## EXERCISE AIM
Reproduce exactly the line containing "Pan Mini Cracker Fibra - Cristina Oria" and each line after it until the listing ends, leaving pictures out.

## RECORDED DATA
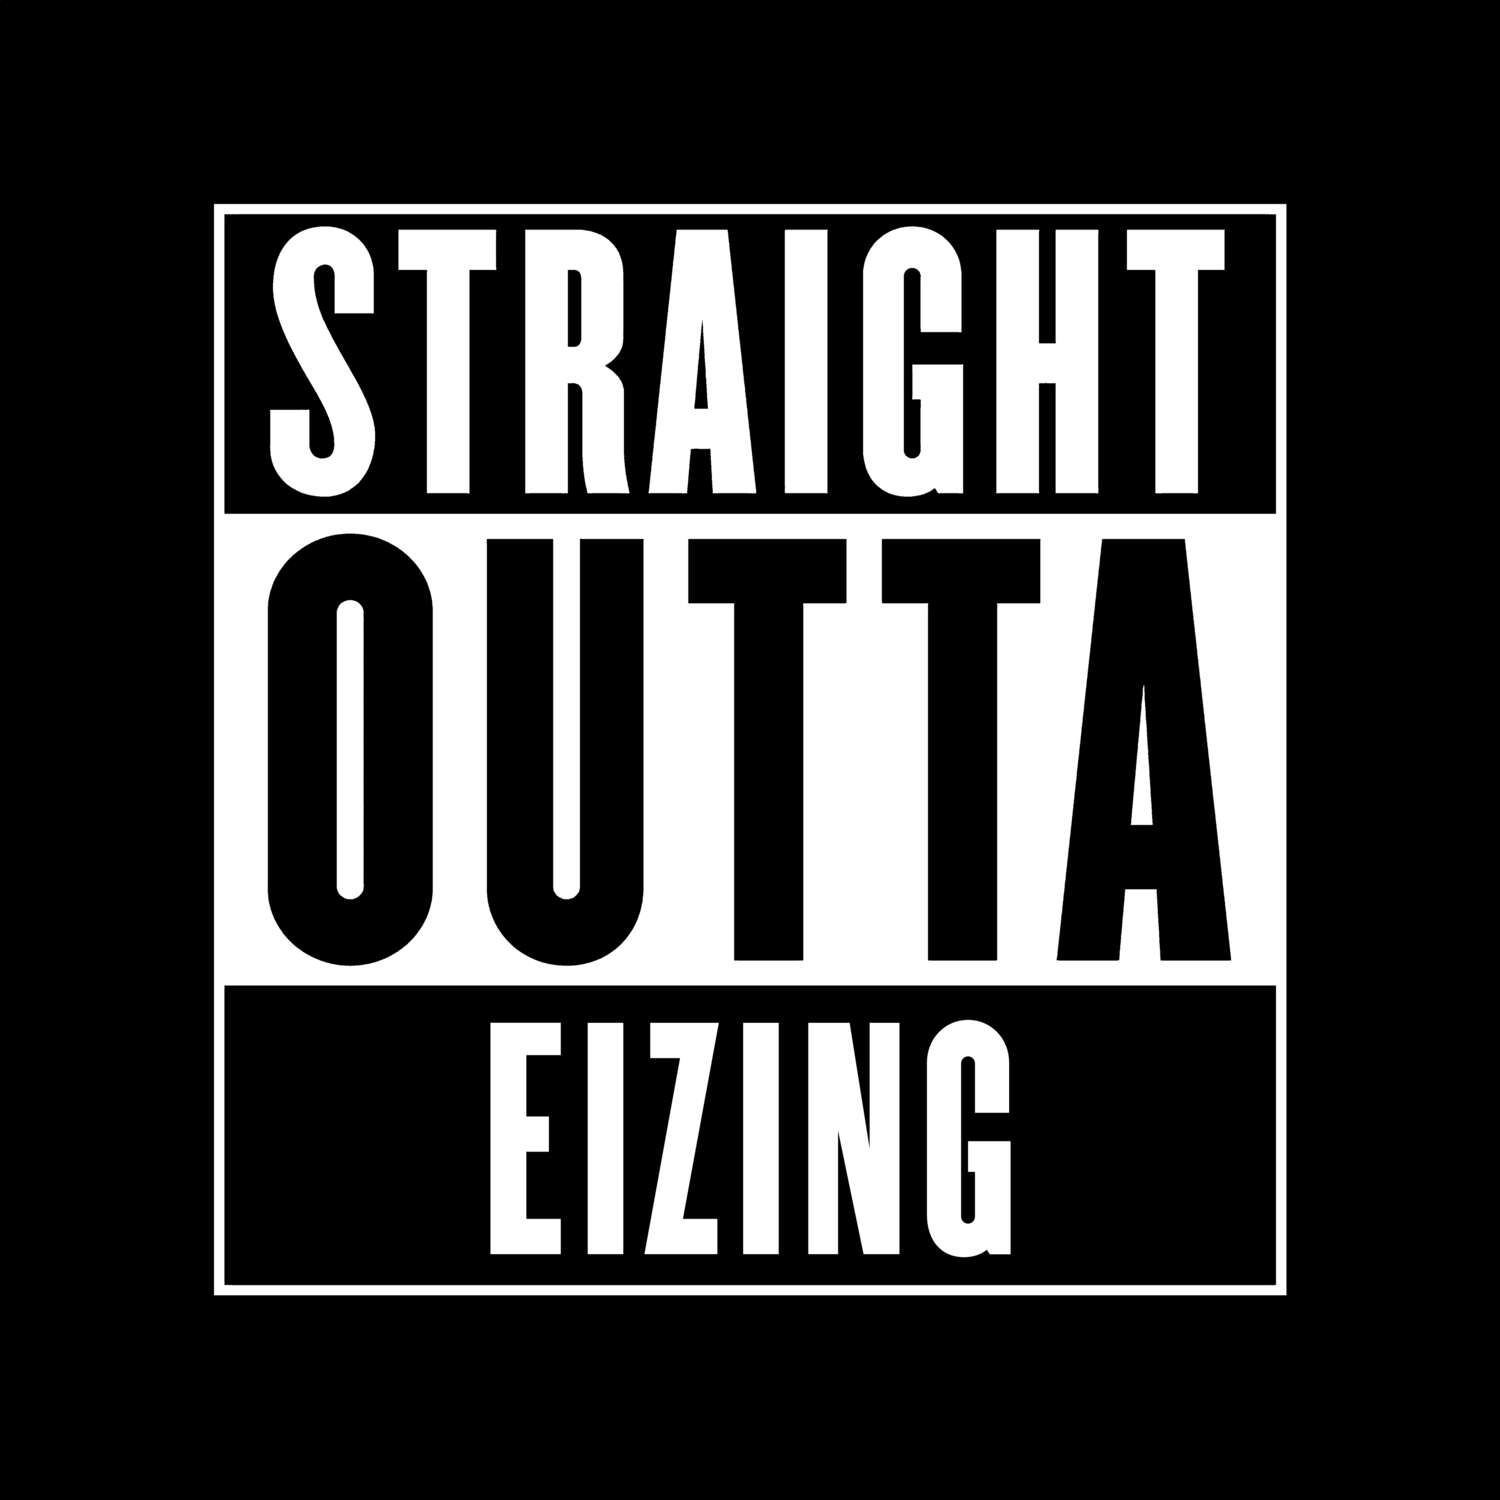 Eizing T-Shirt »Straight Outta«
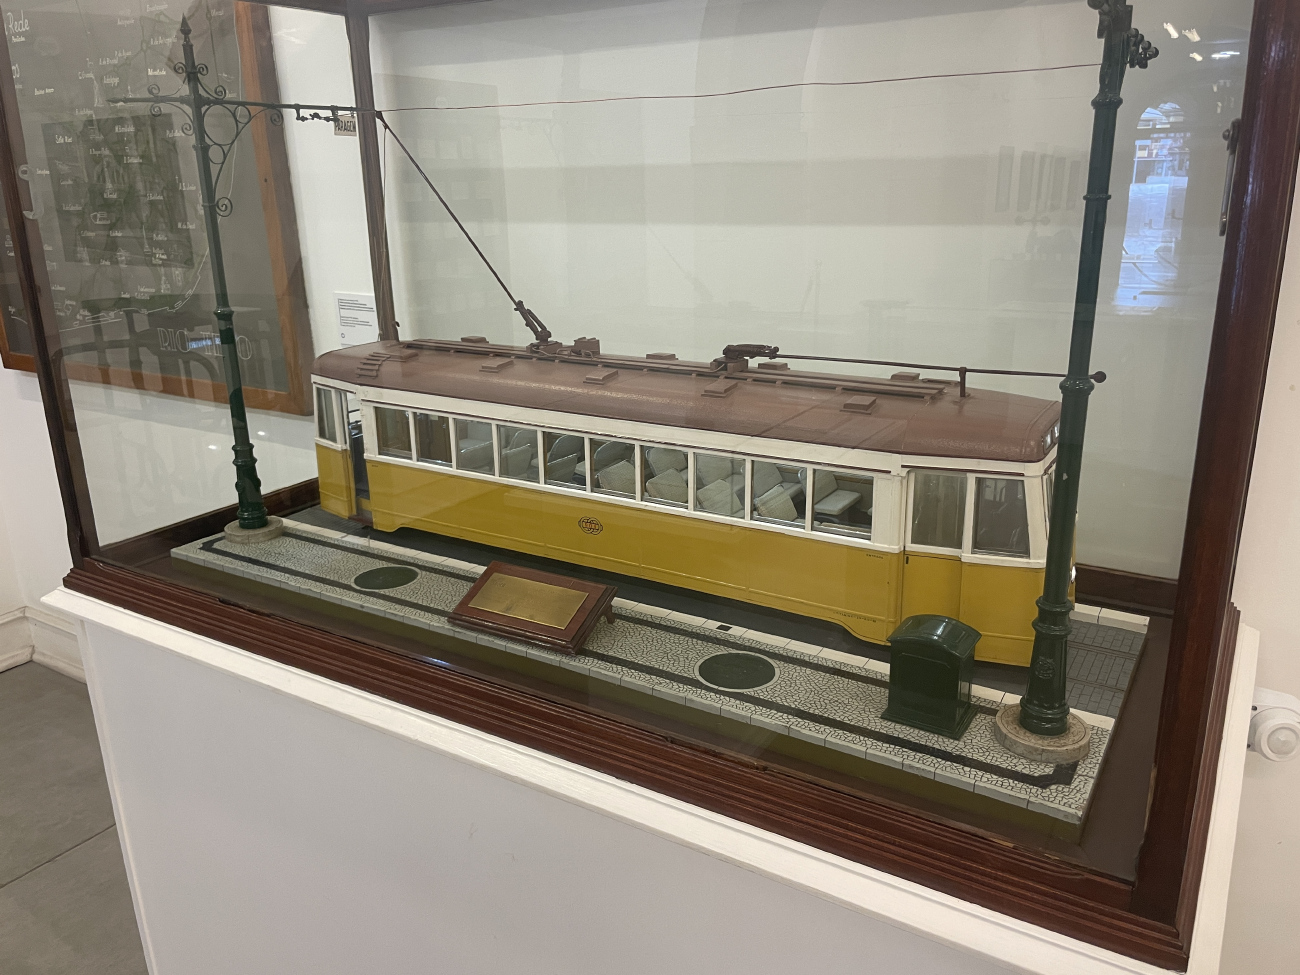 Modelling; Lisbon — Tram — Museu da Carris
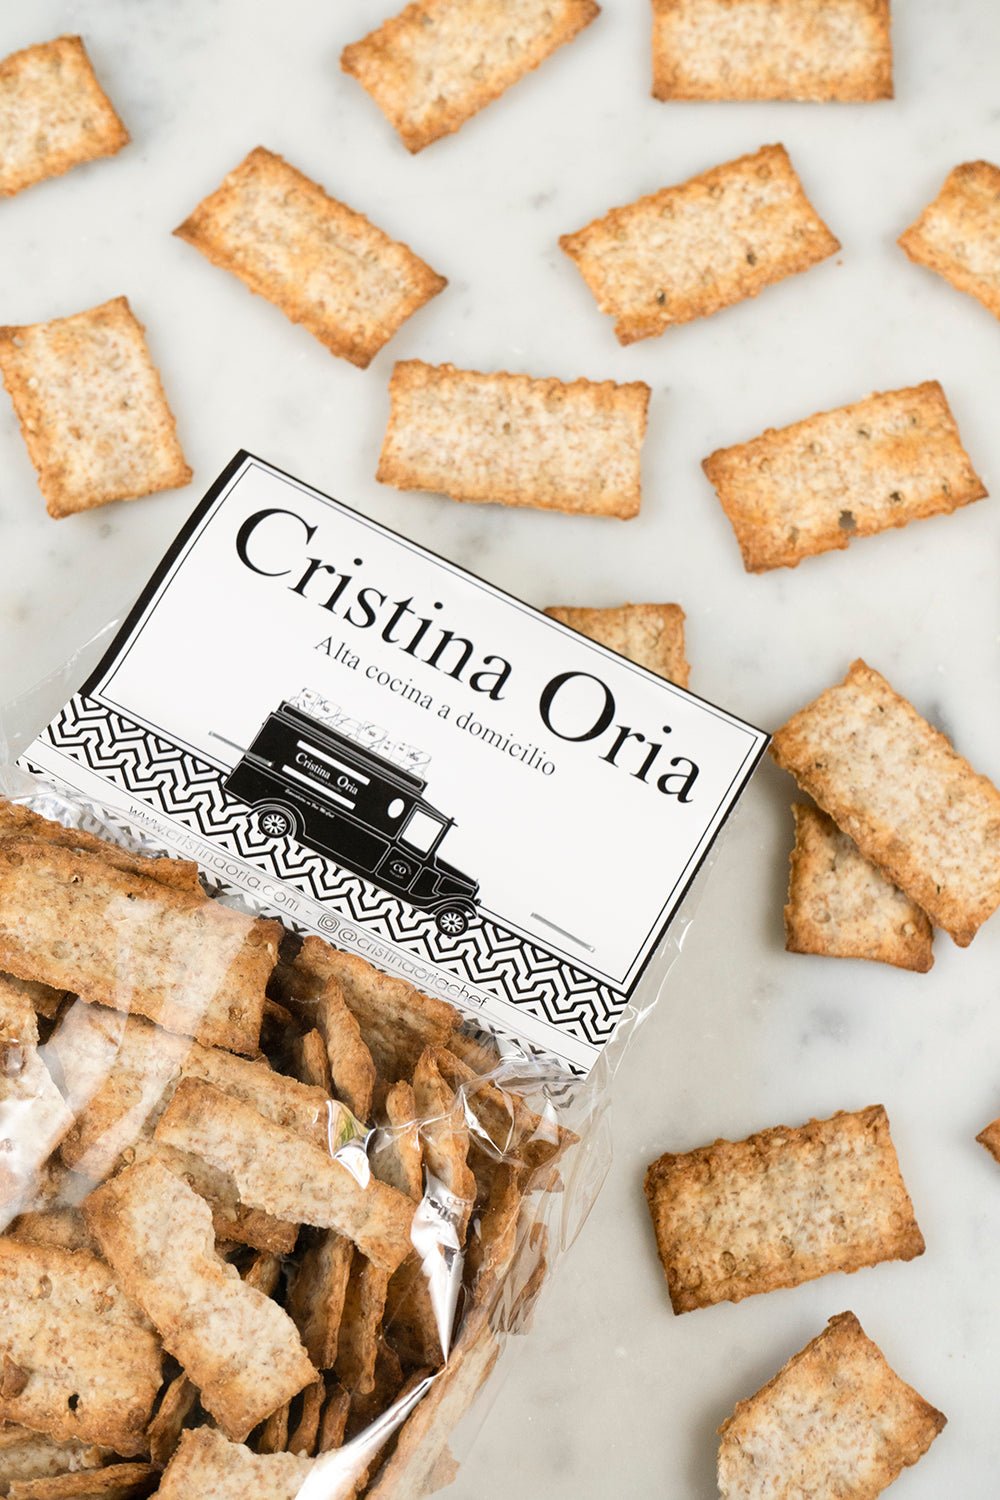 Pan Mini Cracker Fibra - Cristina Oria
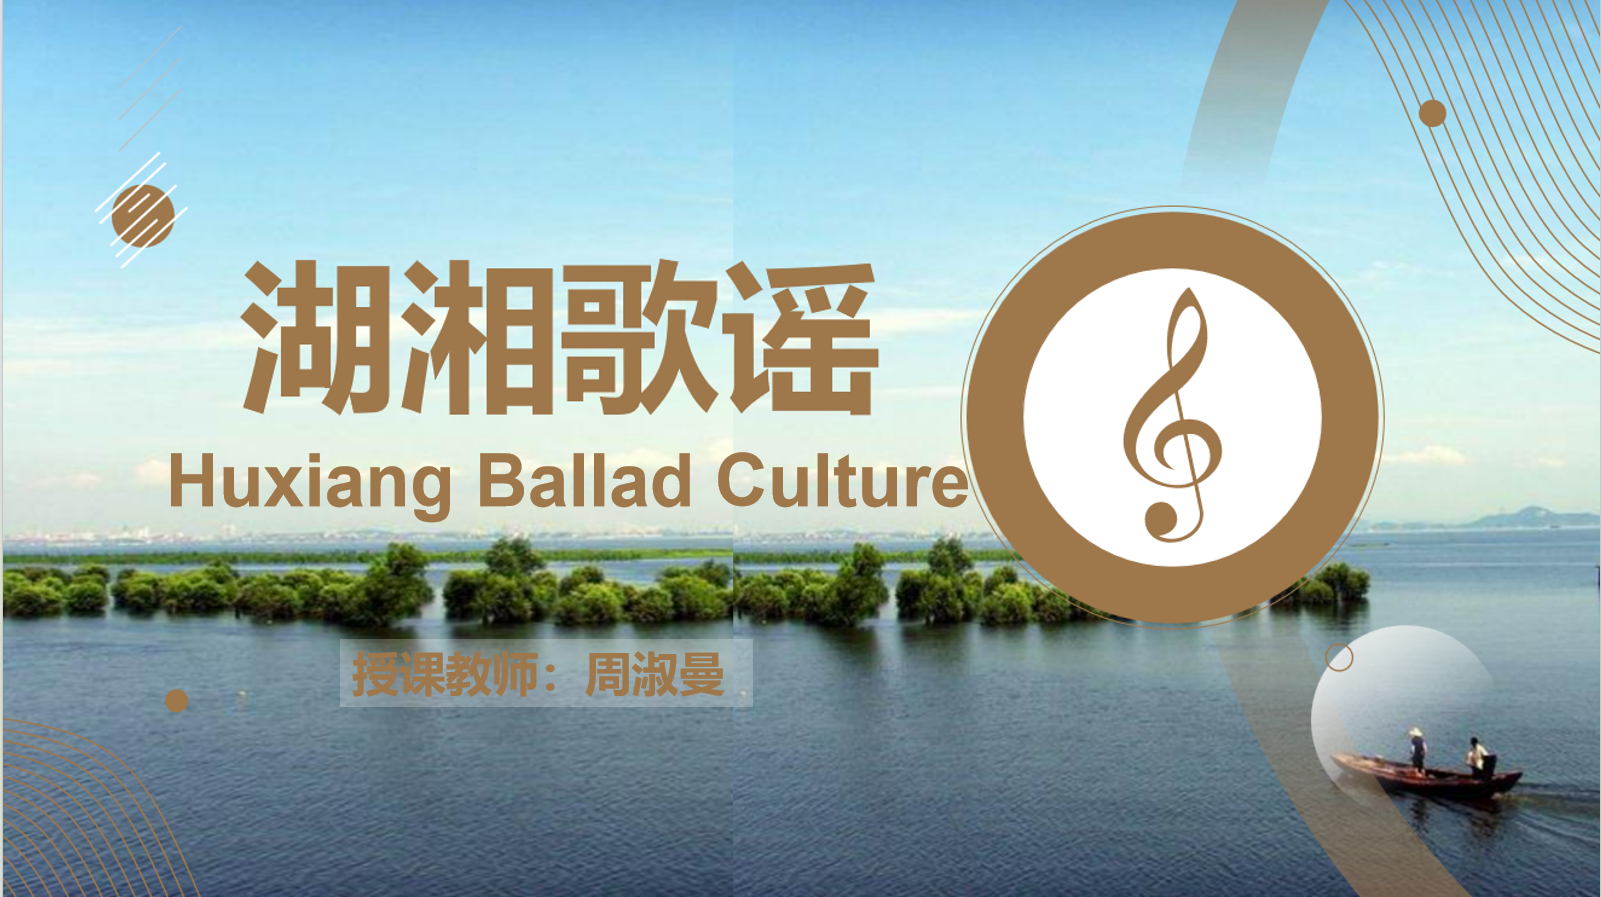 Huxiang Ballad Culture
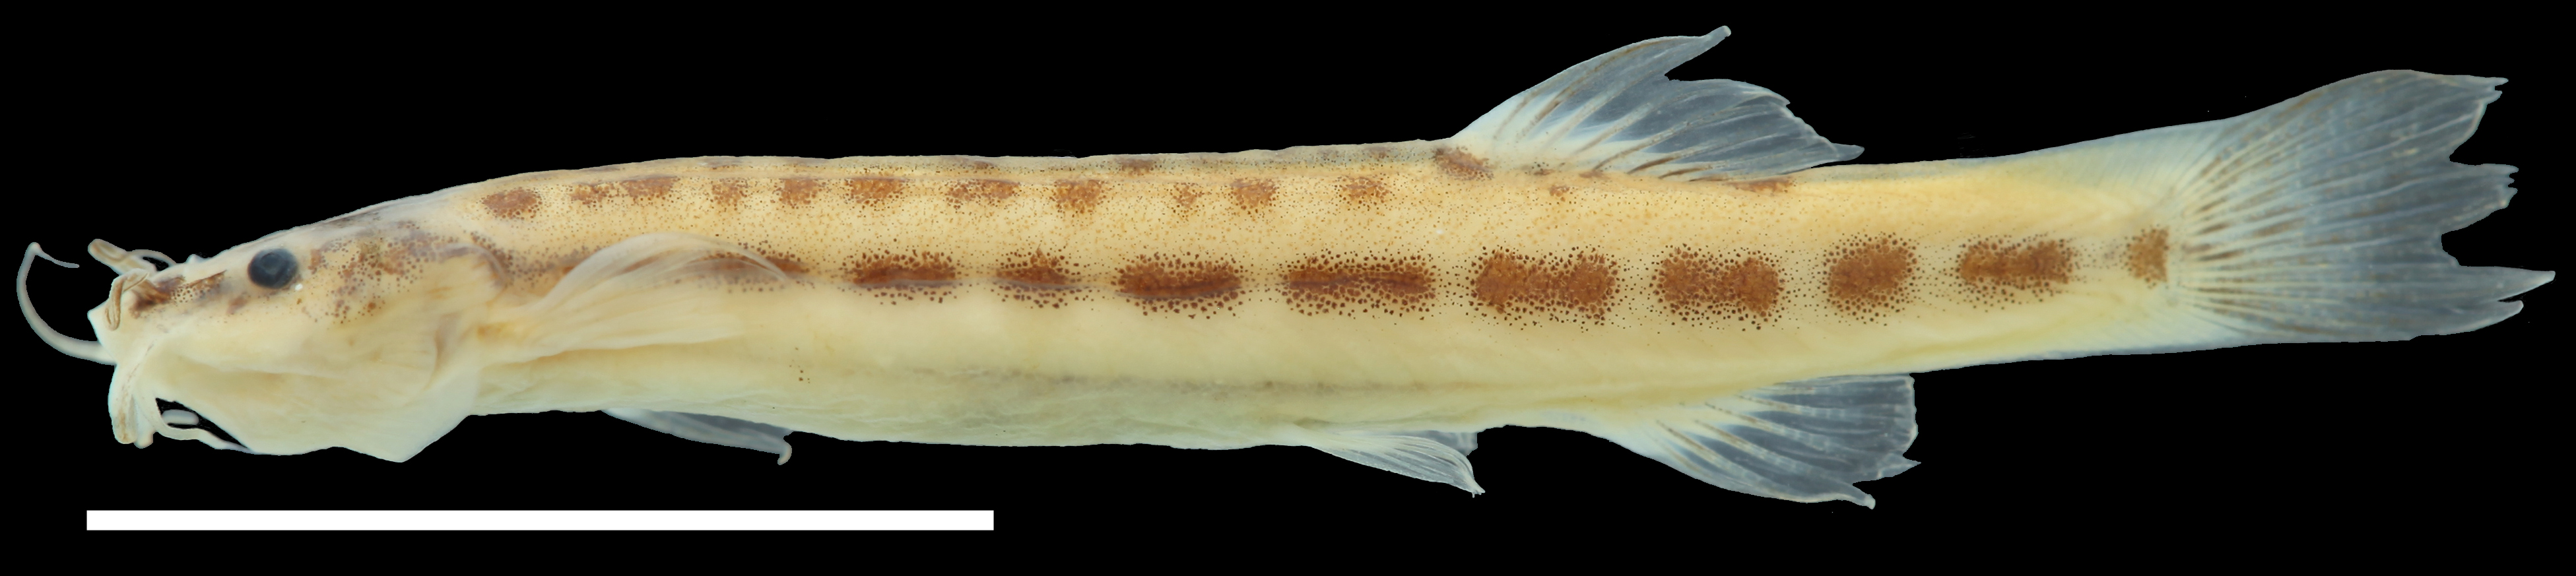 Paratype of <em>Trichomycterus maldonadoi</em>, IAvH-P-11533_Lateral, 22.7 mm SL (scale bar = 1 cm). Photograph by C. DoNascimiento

## TASK OUTPUT
 Pan Mini Cracker Fibra - Cristina Oria
 Huxiang Ballad Culture
 Paratype of <em>Trichomycterus maldonadoi</em>, IAvH-P-11533_Lateral, 22.7 mm SL (scale bar = 1 cm). Photograph by C. DoNascimiento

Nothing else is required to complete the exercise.